Filming in such locations, however, is not easy and carries a certain degree of risk. “We were always very careful and very fast when we were in these locations because we didn’t have permits to shoot there,” he says. “And luckily — really luckily, because many Palestinian productions had this problem — we didn’t have any problems with the Israeli army.” He pauses and reconsiders. “Only one. We were travelling with the camera from one location to the other (it was rigged in the car) and we were stopped at a checkpoint. They saw this weird installation and said ‘What are you doing?
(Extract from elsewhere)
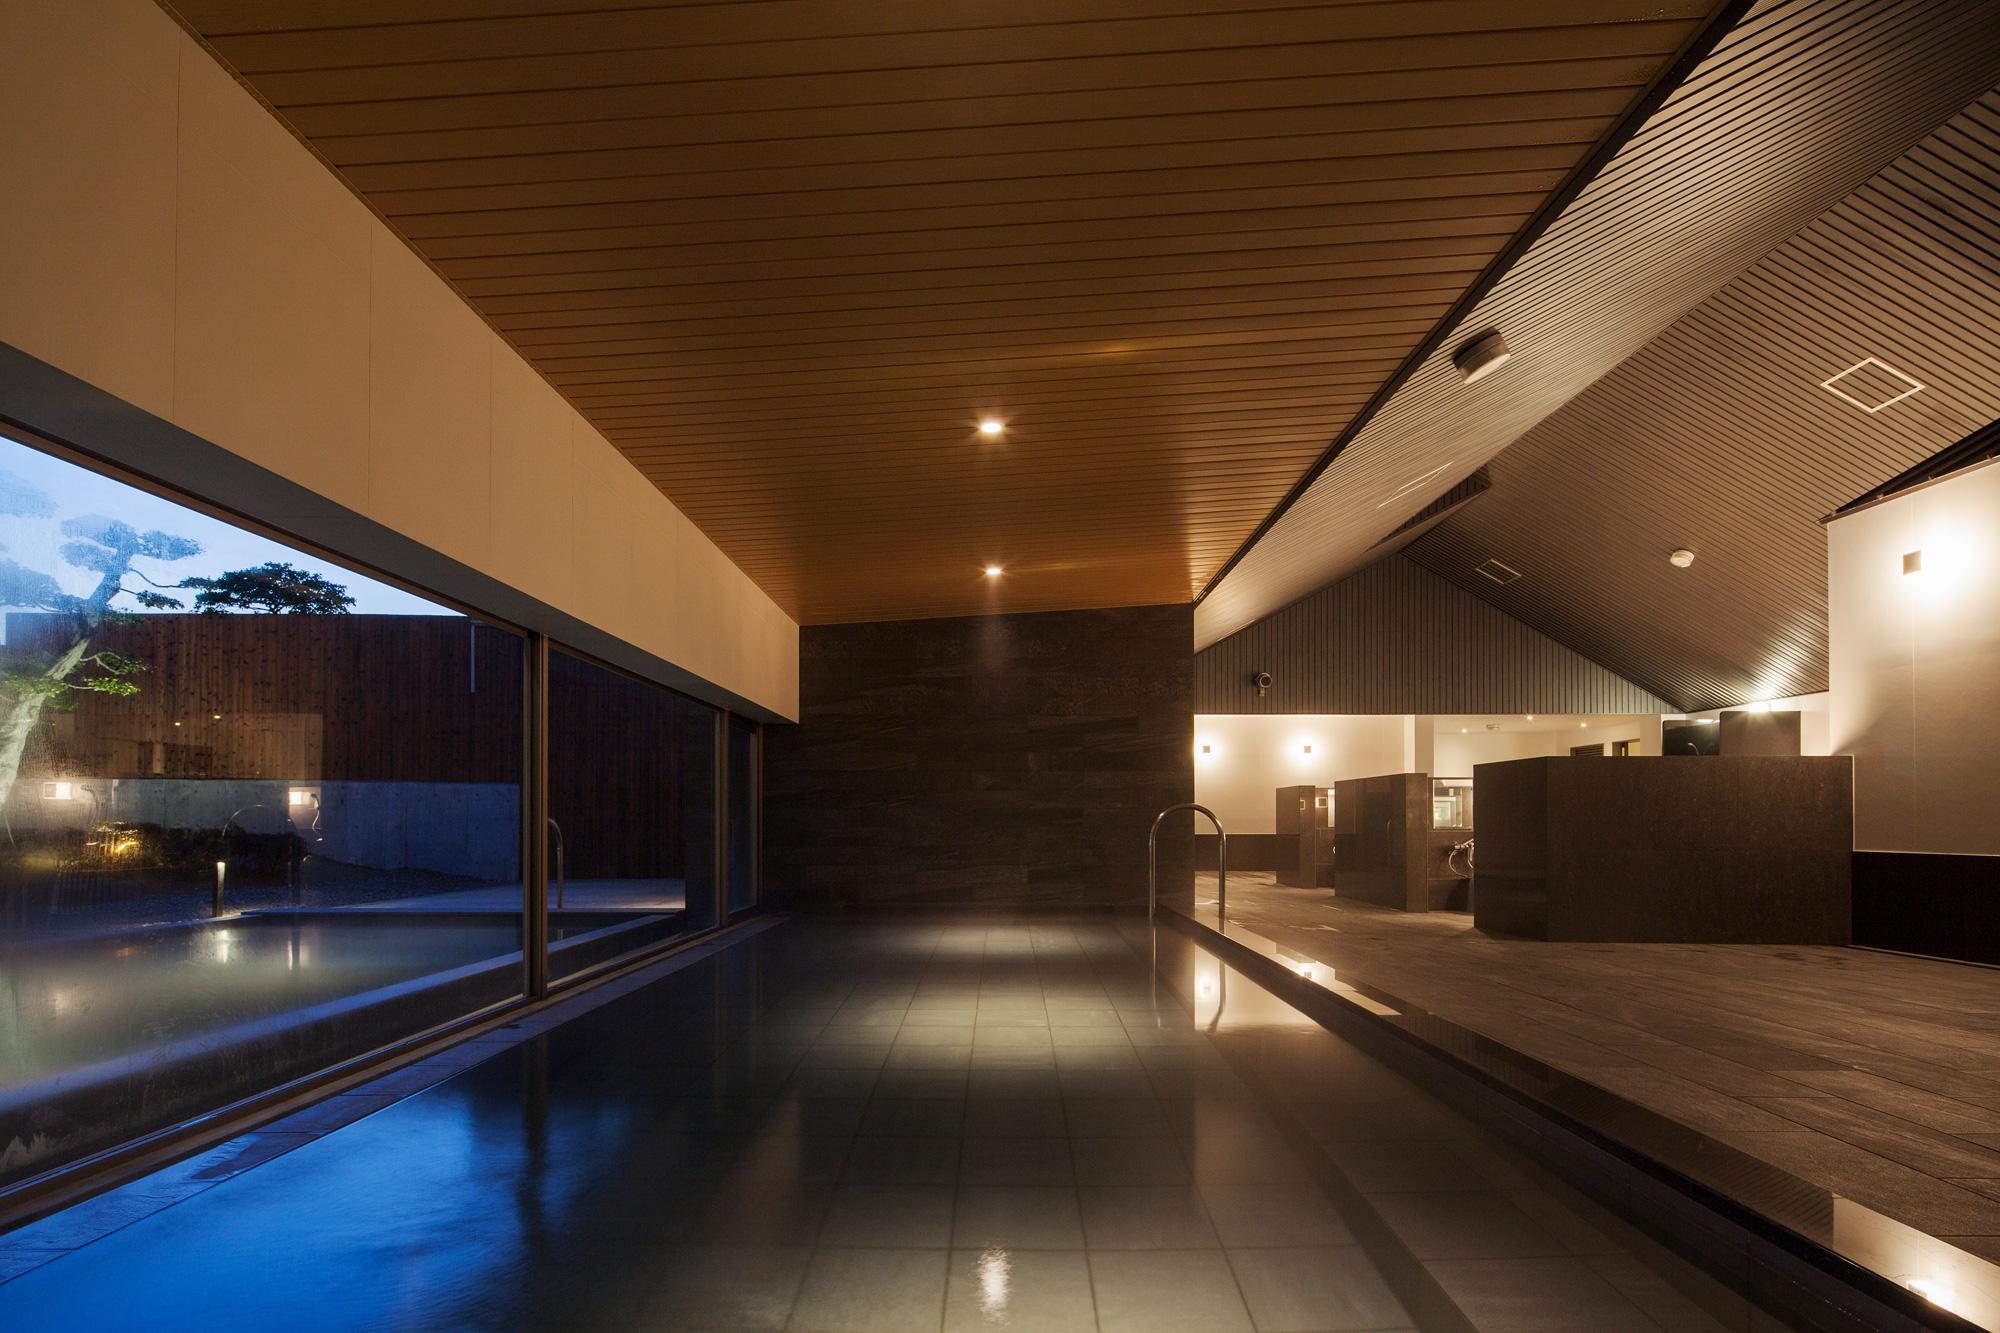 内湯: 内湯部分は天井を低くし、落ち着きのある空間
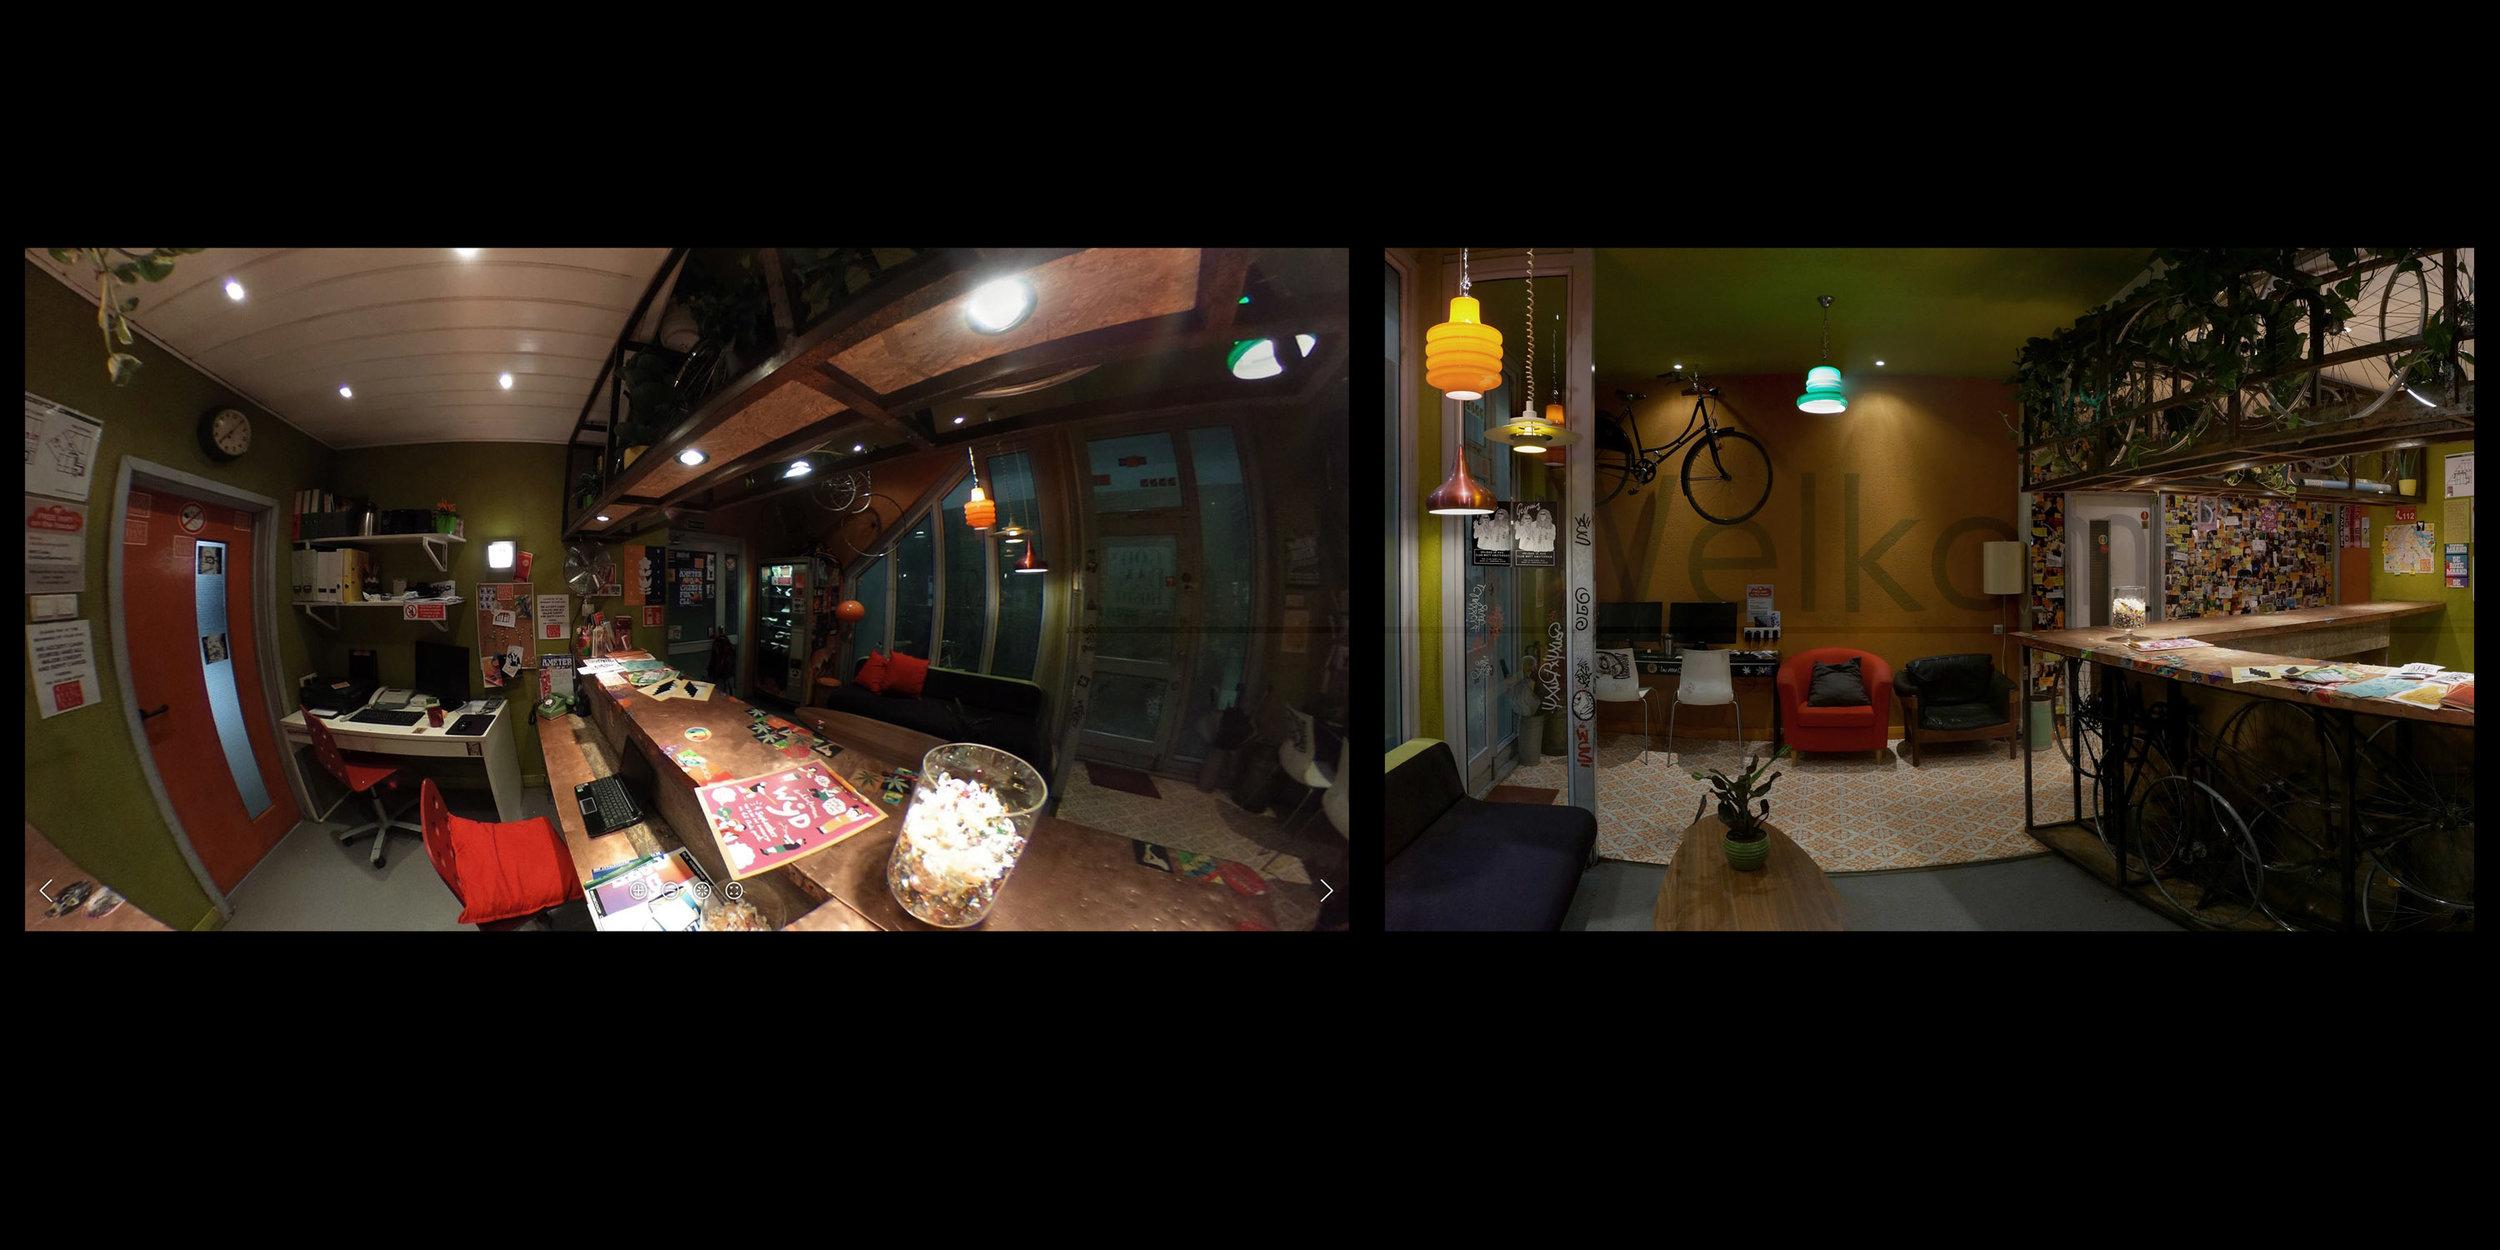 spy-amsterdam-05 - Copy.jpg

Where are you going with this camera?’ We told them we were making a documentary and going to Bethlehem to shoot something.
“Then May, who was following us in the next car, stopped at the checkpoint, left her car, and started walking towards us. It was dark, so a person walking to the checkpoint at night towards the soldiers is not a very smart thing to do, and someone was shouting and pointing their guns towards her. We began shouting ‘She’s our producer! She’s working with us!’ and they shouted at her to go back to her car. My heart rate was, like 3,000 beats per second.”
In total, the shoot covered 35 locations in 22 days, including several checkpoints and the West Bank Barrier. The film not only reveals the dangers and frustrations faced by Palestinians attempting to cross into Israel, but the profiteering that enables it to happen. In one scene, Mostafa and two of his fellow passengers are forced by smugglers to hide in the trunk of a car. Trapped inside for a considerable amount of time, the youngest, Rami (Mahmoud Abu Eita), begins to panic and has to fight to catch his breath.
“What could be more absurd than a kid who, like every other kid around the world, is a big fan of Liverpool and Mo Salah and is going to work to make some money, but has to go through this life-threatening experience?” says Nayfeh. “And it could happen again and again and again. It’s not just this one time. It’s an ongoing situation. This is what I would like audiences to see. The reality in which we live.”